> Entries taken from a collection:

########################################

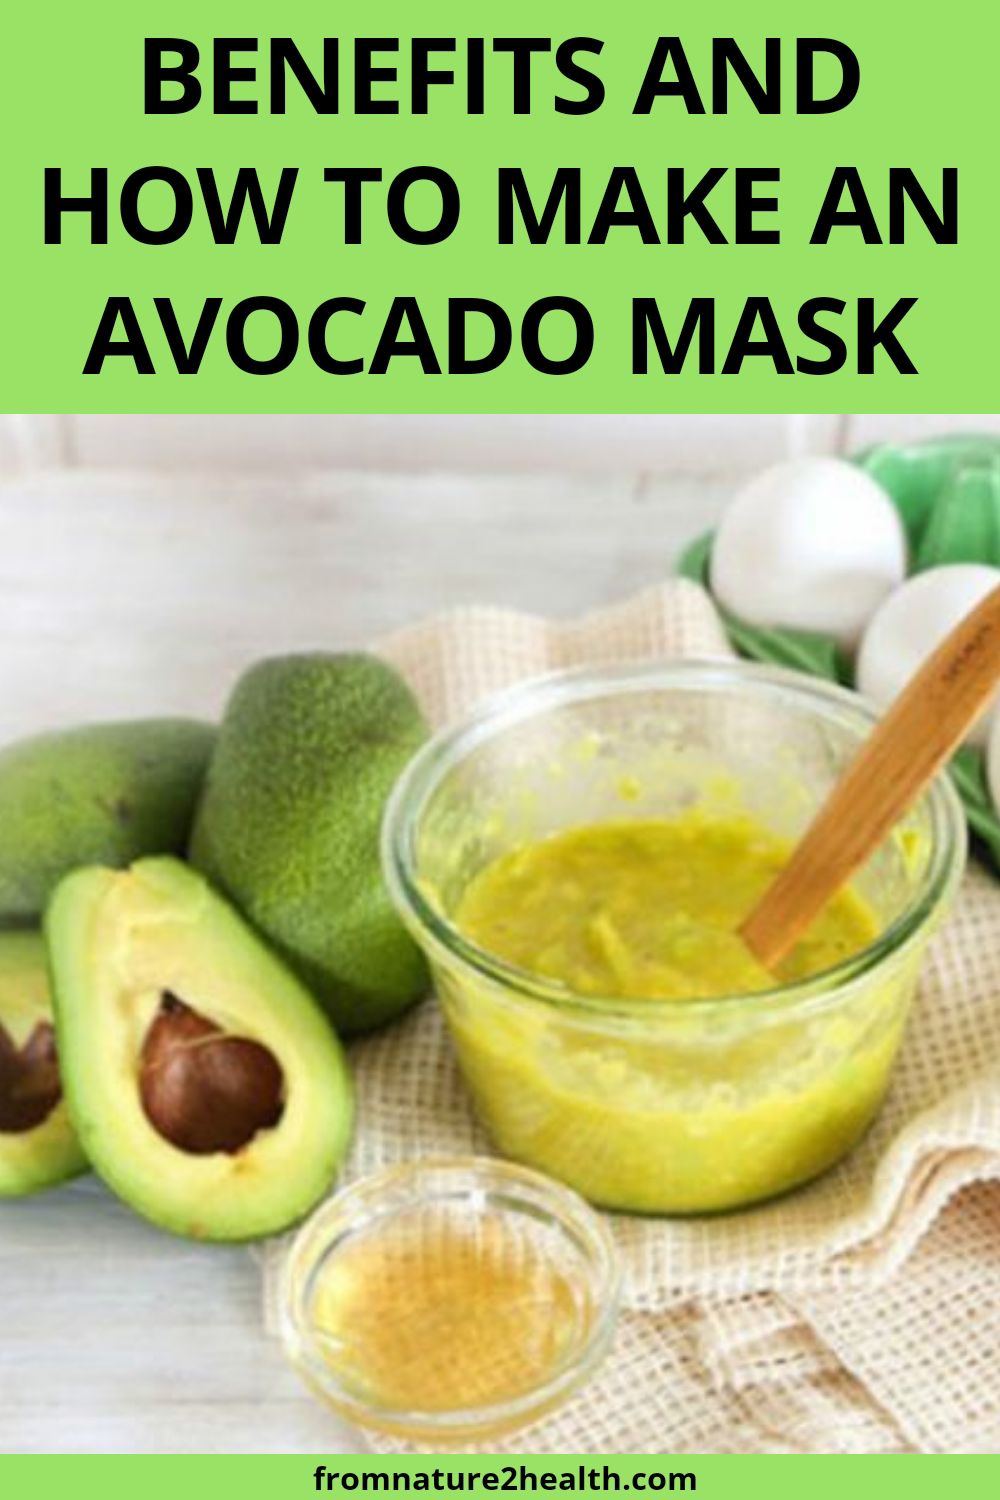 Benefits and How to Make an Avocado Mask
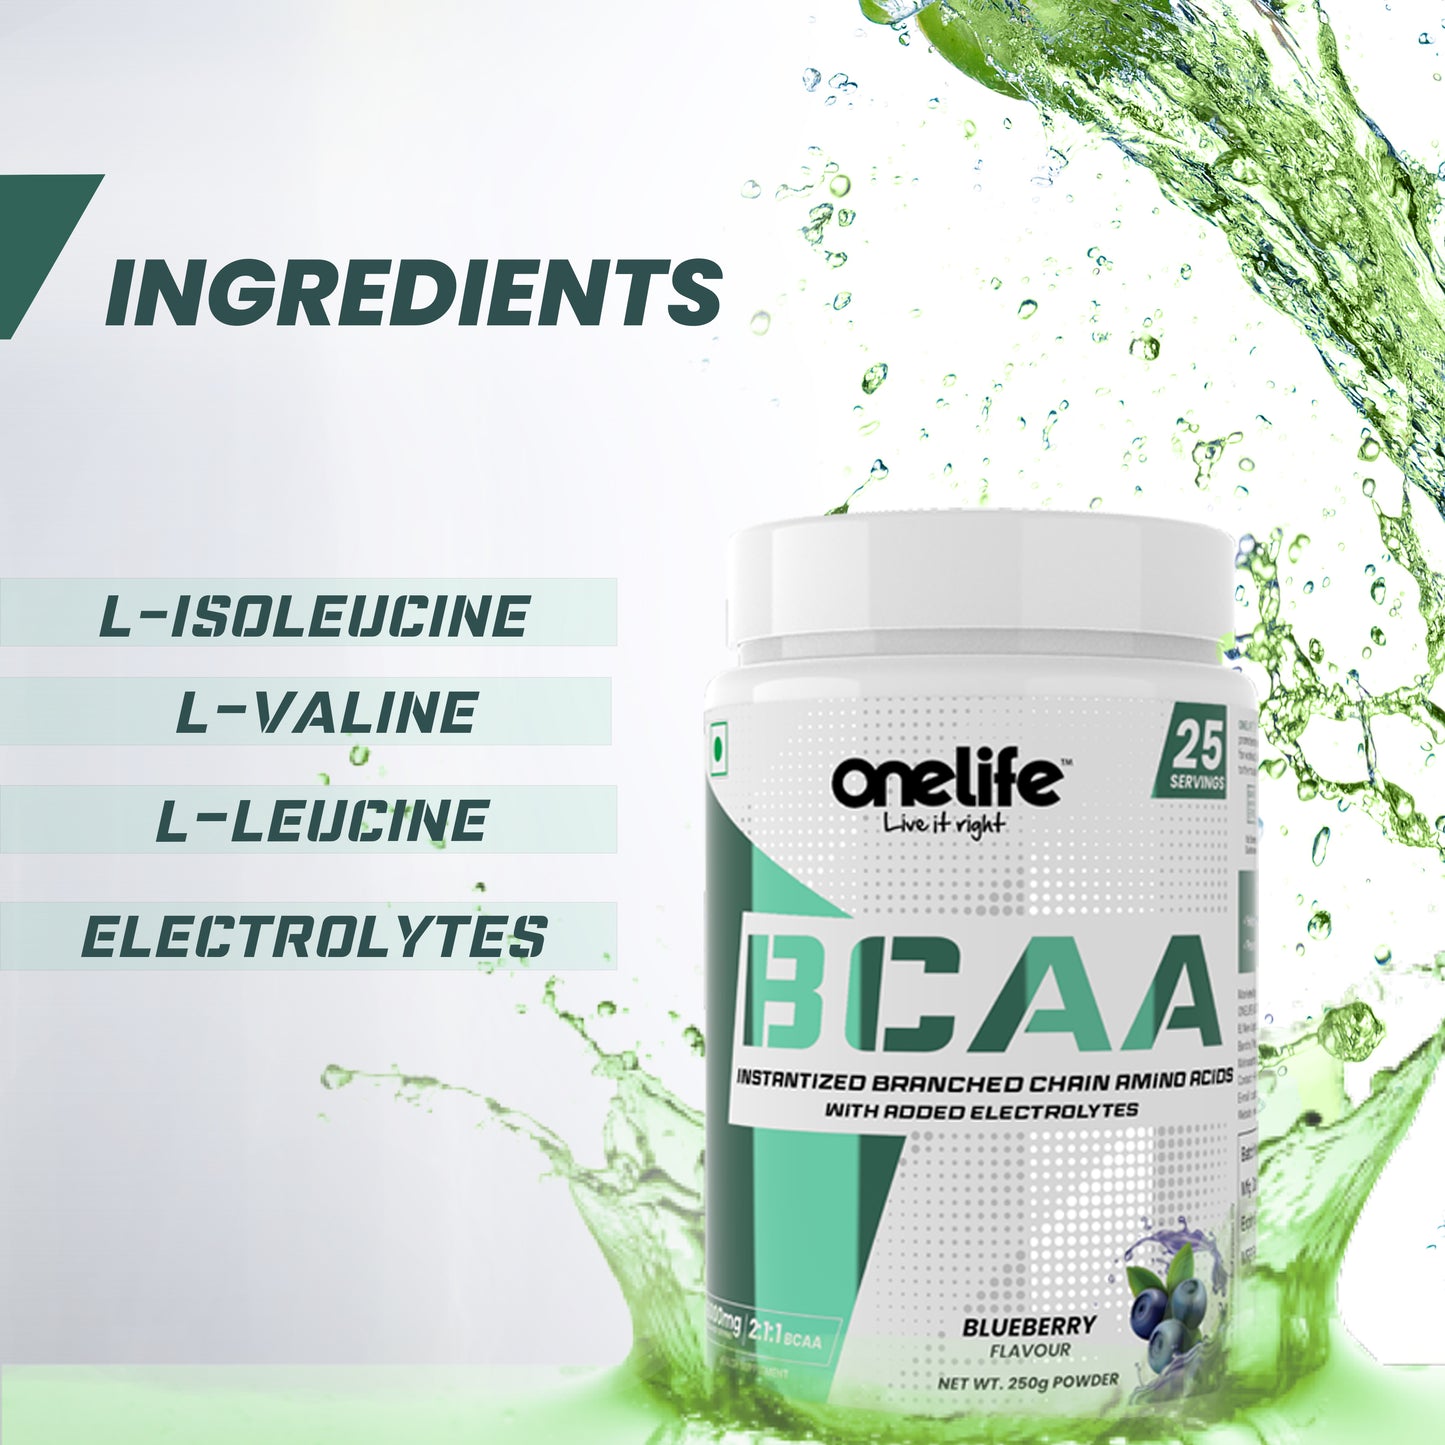 Blueberry BCAA - 250gms (6000mg BCAA, 2:1:1) per serving for Intra workout & Post Workout
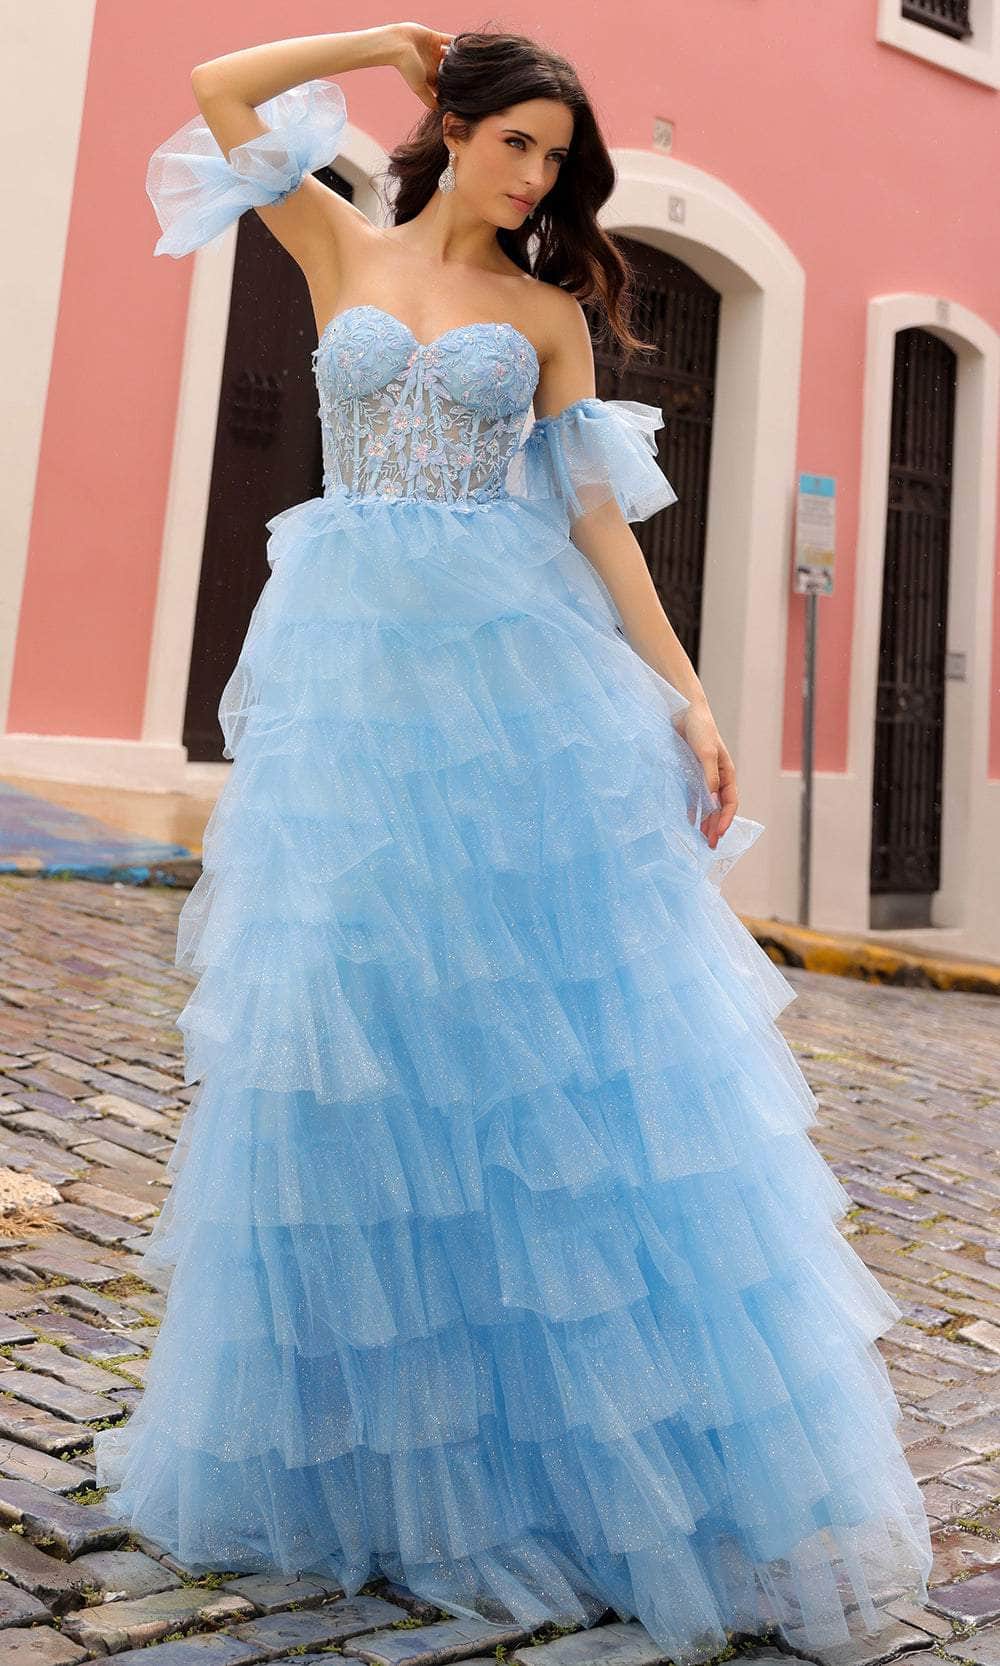 Nox Anabel T1338 - Strapless Ruffled Prom Dress Special Occasion Dresses 
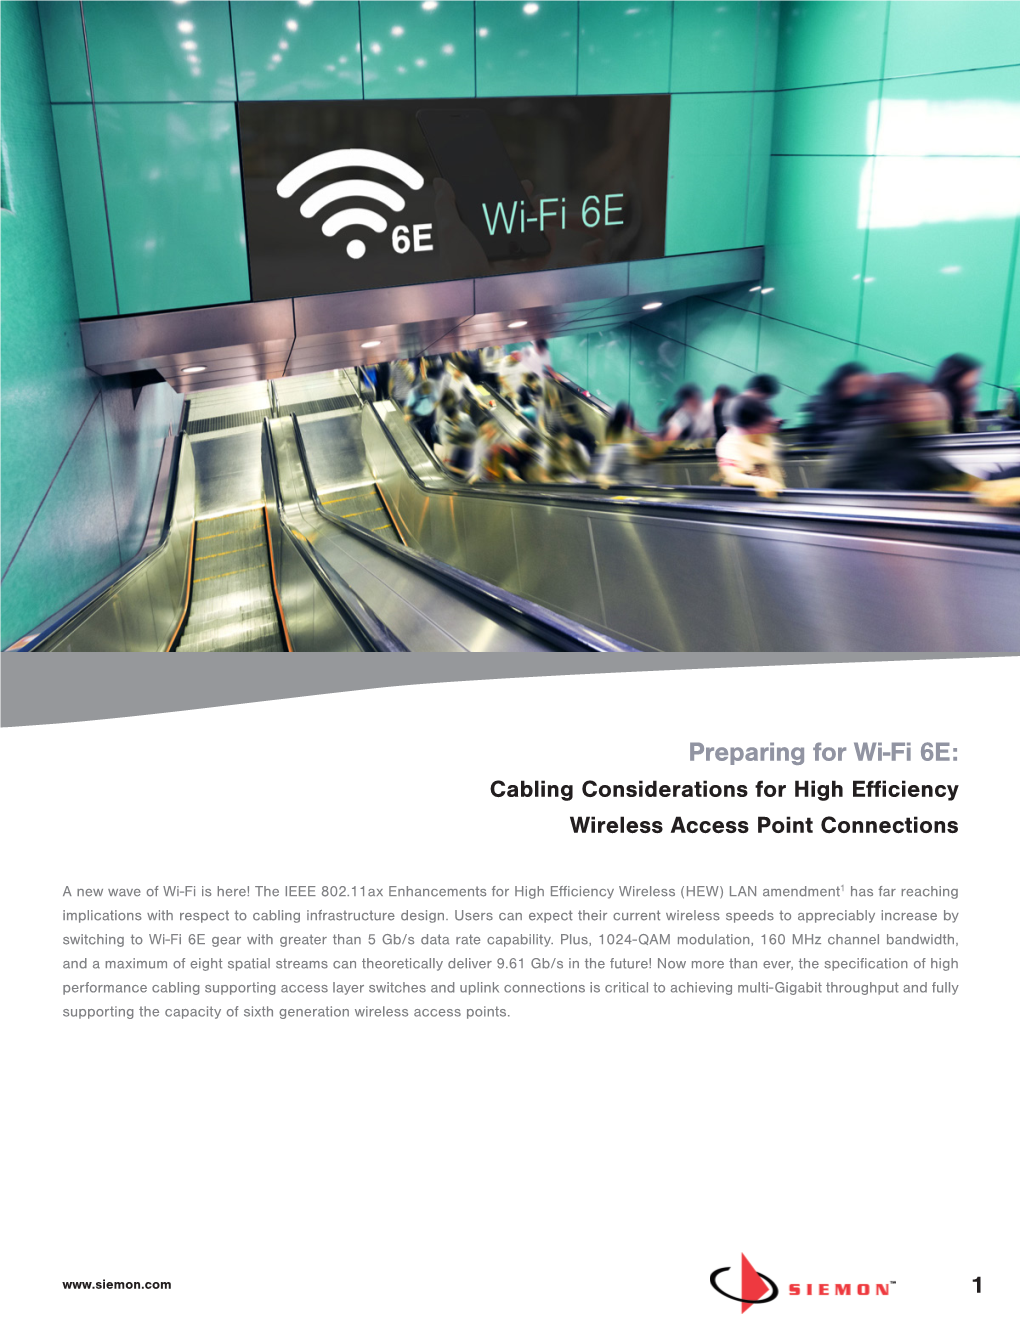 Preparing for Wi-Fi 6E: Cabling Considerations for High Efficiency Wireless Access Point Connections
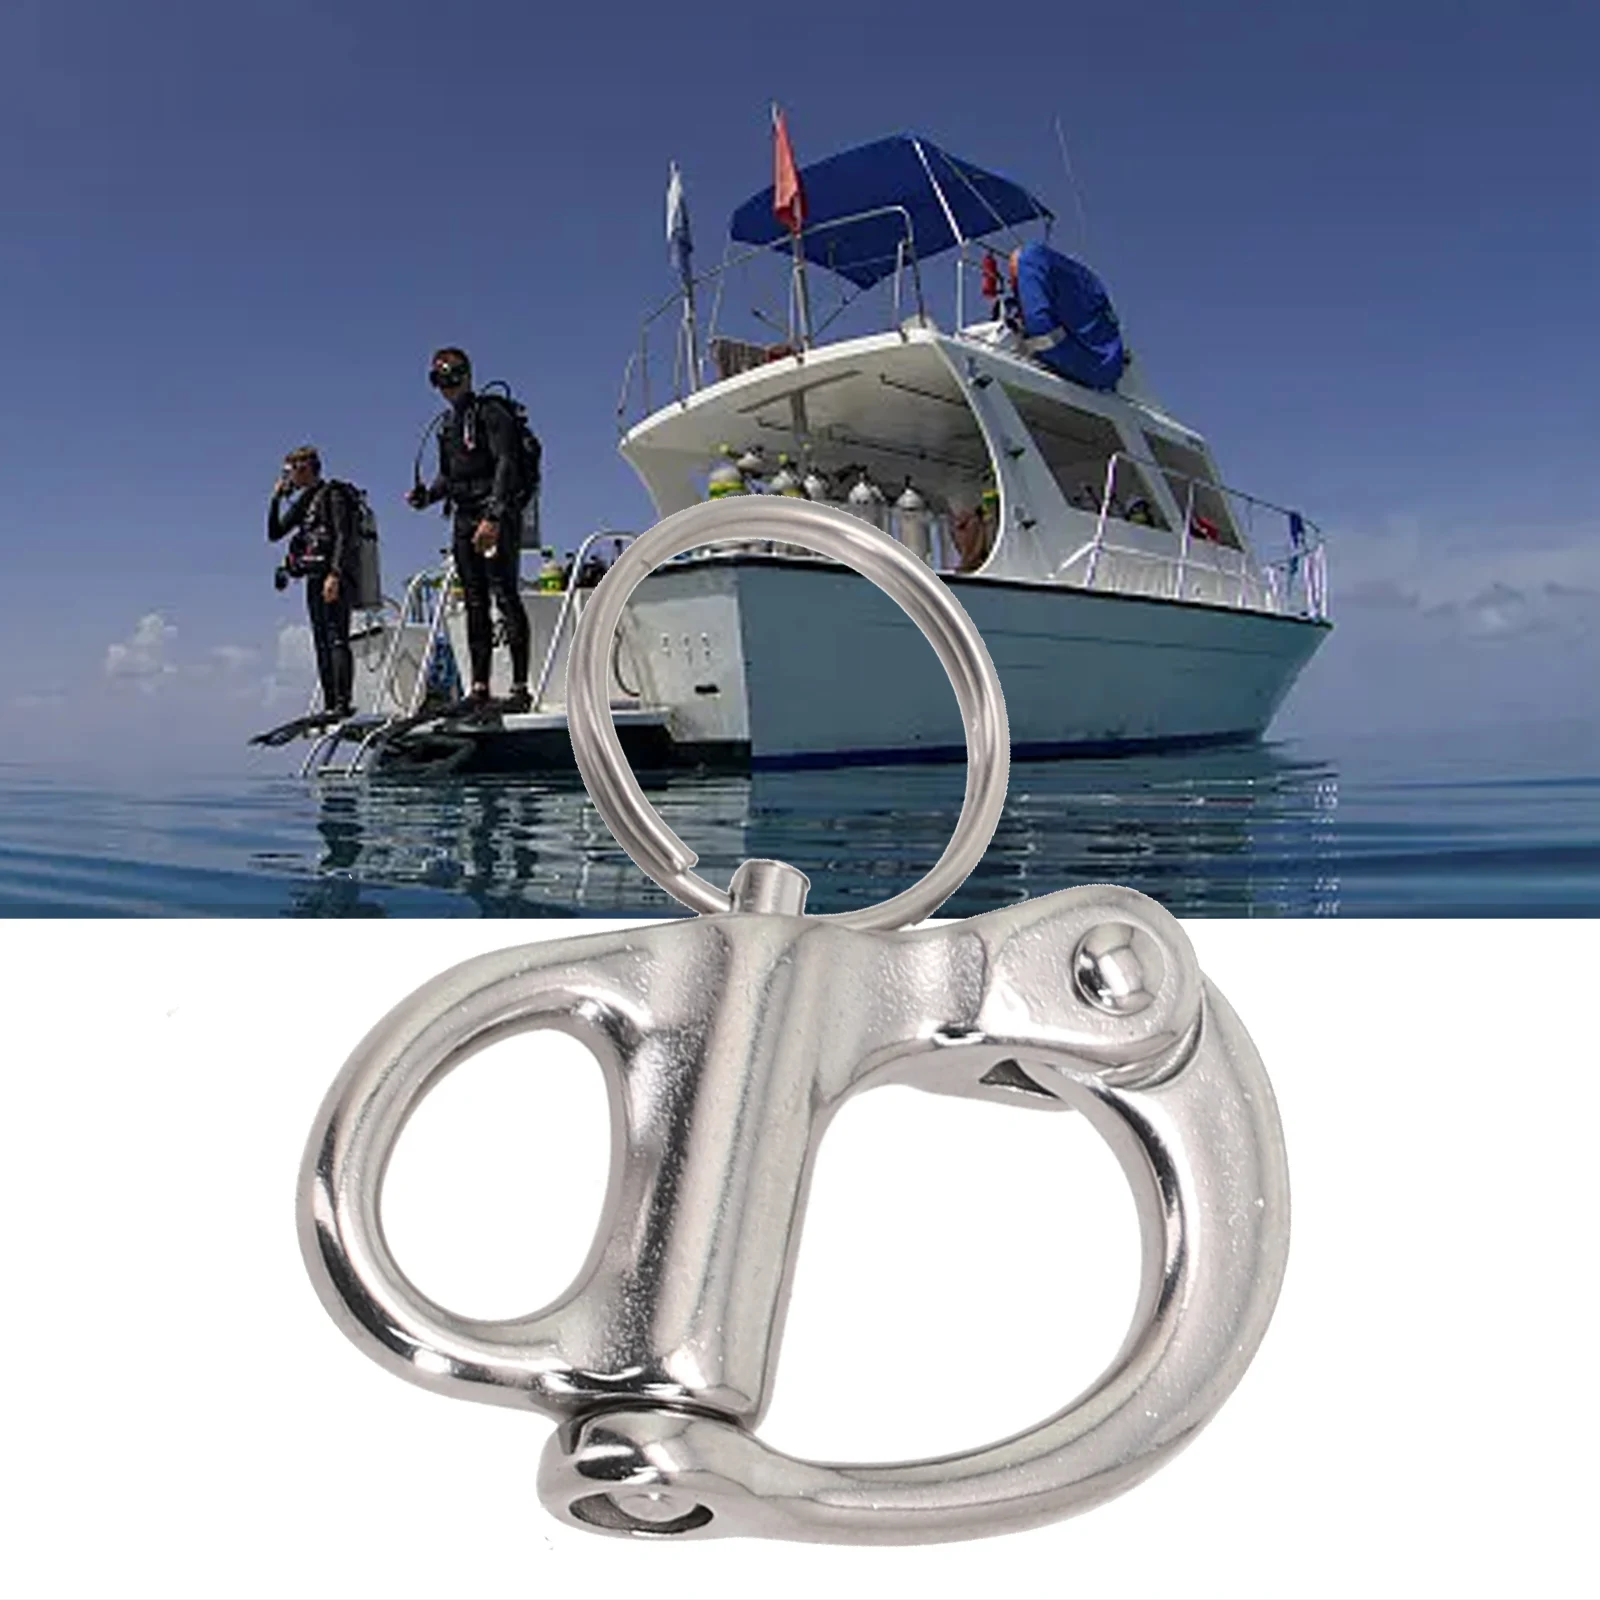 1PCS 35/52/69/96MM Quick Release Boat Anchor Chain Eye Shackle Swivel Hook Snap Marine Tools 316/304 Stainless Steel Accessory

########################################

Output the data above exactly, excluding images.

> Solution:
 Benefits and How to Make an Avocado Mask
 Blueberry BCAA - 250gms (6000mg BCAA, 2:1:1) per serving for Intra workout & Post Workout
 Nox Anabel T1338 - Strapless Ruffled Prom Dress Special Occasion Dresses 
 Preparing for Wi-Fi 6E: Cabling Considerations for High Efficiency Wireless Access Point Connections
 1PCS 35/52/69/96MM Quick Release Boat Anchor Chain Eye Shackle Swivel Hook Snap Marine Tools 316/304 Stainless Steel Accessory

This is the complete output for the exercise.